The choice will be based on the specific product mix and the flow of secondary processes. To determine which direction is best, a prospect should engage a simulation study to balance the material flow and cycle times to determine the best approach. A good automation integrator can help with this.
| Joe Campbell is a 30-year veteran of the robotics industry, having served with robot manufacturers, engineering firms and system integrators, and has provided strategic consulting in operations, strategic development and marketing. As vice president of ABB’s US Robot Products Group, he is responsible for technical support and production, sales, and marketing. |
When it comes to the loss of business to China, there is a trend for some manufacturing returning to the United States. Often called “on-shoring’ or “re-shoring,” this recent development is driven by the increase in Chinese wages and the cost of shipping materials back to the U.S., coupled with growing frustration of long lead times, large lot sizes, and the difficulty to make even the most minor product changes. Simply put, the move to offshore manufacturing has come at the expense of control and flexibility.

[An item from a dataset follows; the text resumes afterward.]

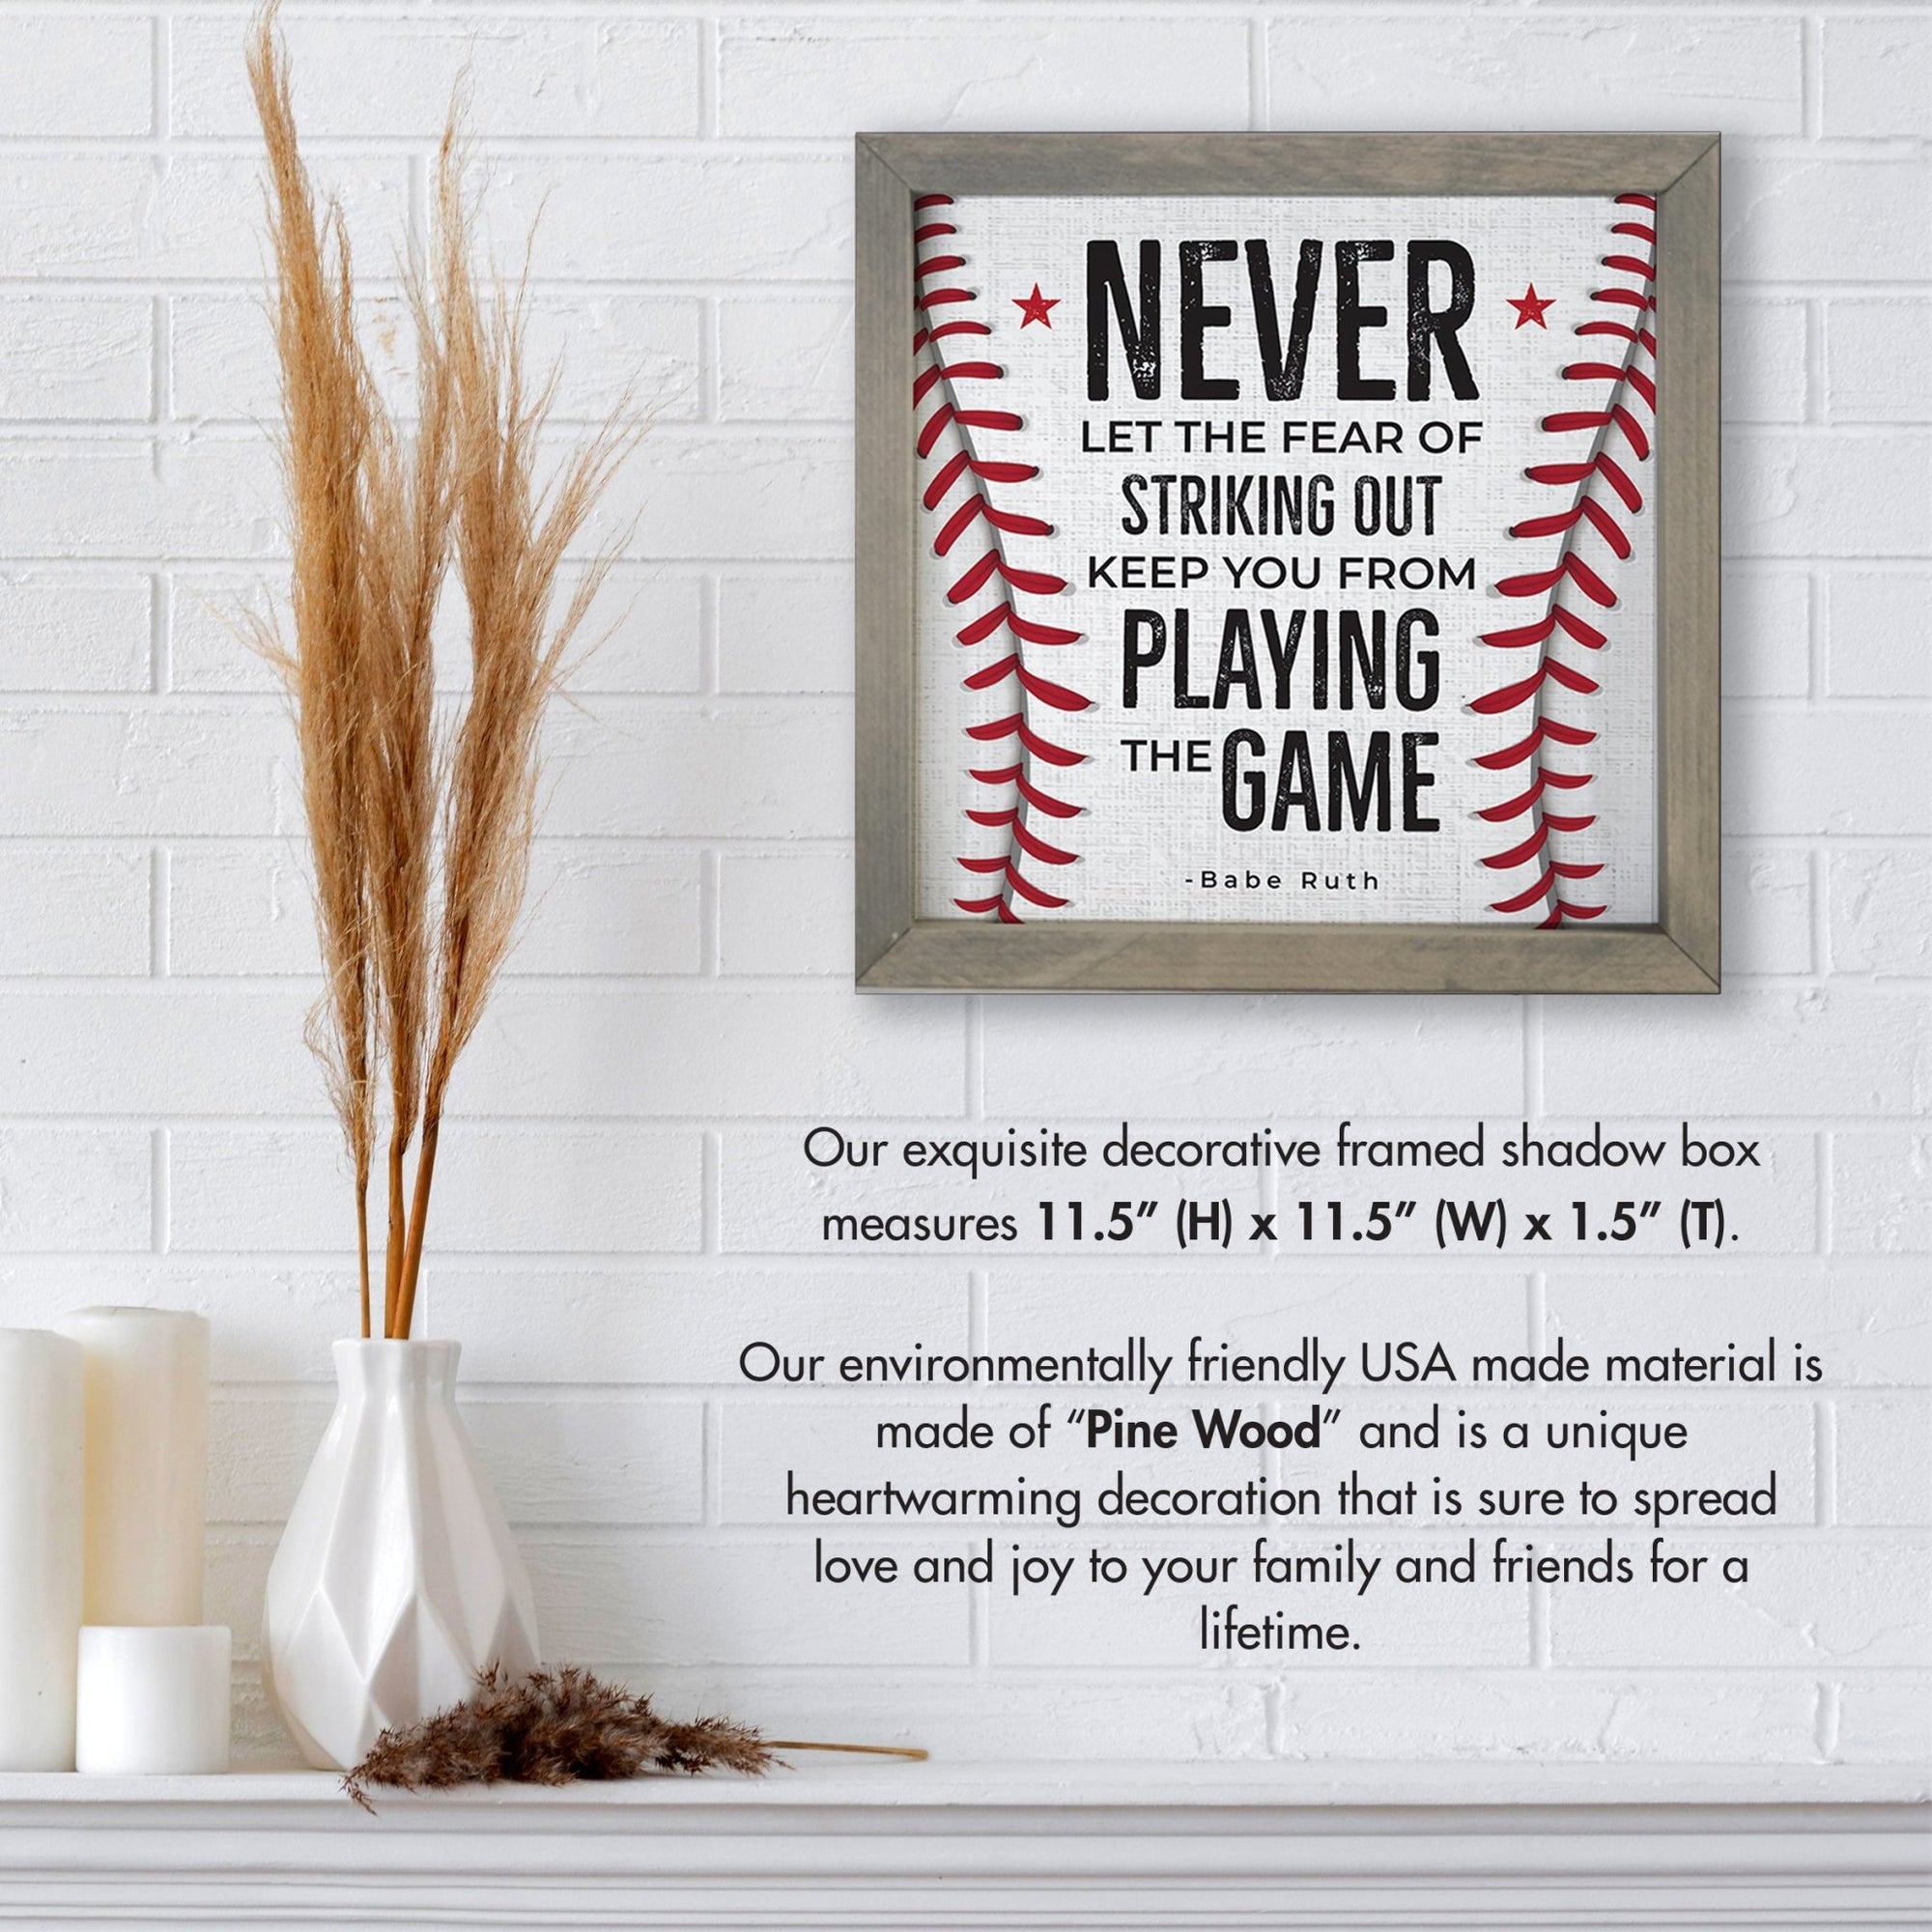 Elegant Baseball Framed Shadow Box Shelf Décor With Inspiring Bible Verses - Never Let The Fear - LifeSong Milestones

Additionally, the period between the outlay of cash for the incoming product and the payment from the end customer can be as long as 180 to 225 days, causing an ongoing stress on cash flow. And recently some companies have had trouble protecting their intellectual property from such a long distance.
By using robotic automation to close the value gap, the benefits of “off-shoring” will erode and the “re-shoring” trend will become more pronounced. In addition to the renewed cost competitiveness, U.S. metalcasters can leverage their ability for shorter lot sizes, faster lead times and quicker responsiveness to solidify their customer relationships.
This transition to robotic automation isn’t without challenges. Introducing new technology means that employees need to learn new skills and new processes. And, though there is usually a short-term reduction in the workforce, the increased efficiency and productivity typically spurs sustainable business growth that adds to the workforce over the long run. The jobs that are gained are more rewarding and have opportunities for advancement that far surpass those of the jobs that were lost.
The results from robotic automation provide very real, sustainable value that will help metalcasters to win new business while making it much more difficult for offshore competitors to offer an attractive alternative
The global economy, while still very much evolving, is mature in many respects; with that maturity comes opportunities and risks that need to be understood and embraced. With solid strategic planning, and good, well-founded decisions, efficient business models can be established that help metalcasters and other manufacturers to become more competitive.
Automation is clearly a critical step in the plan.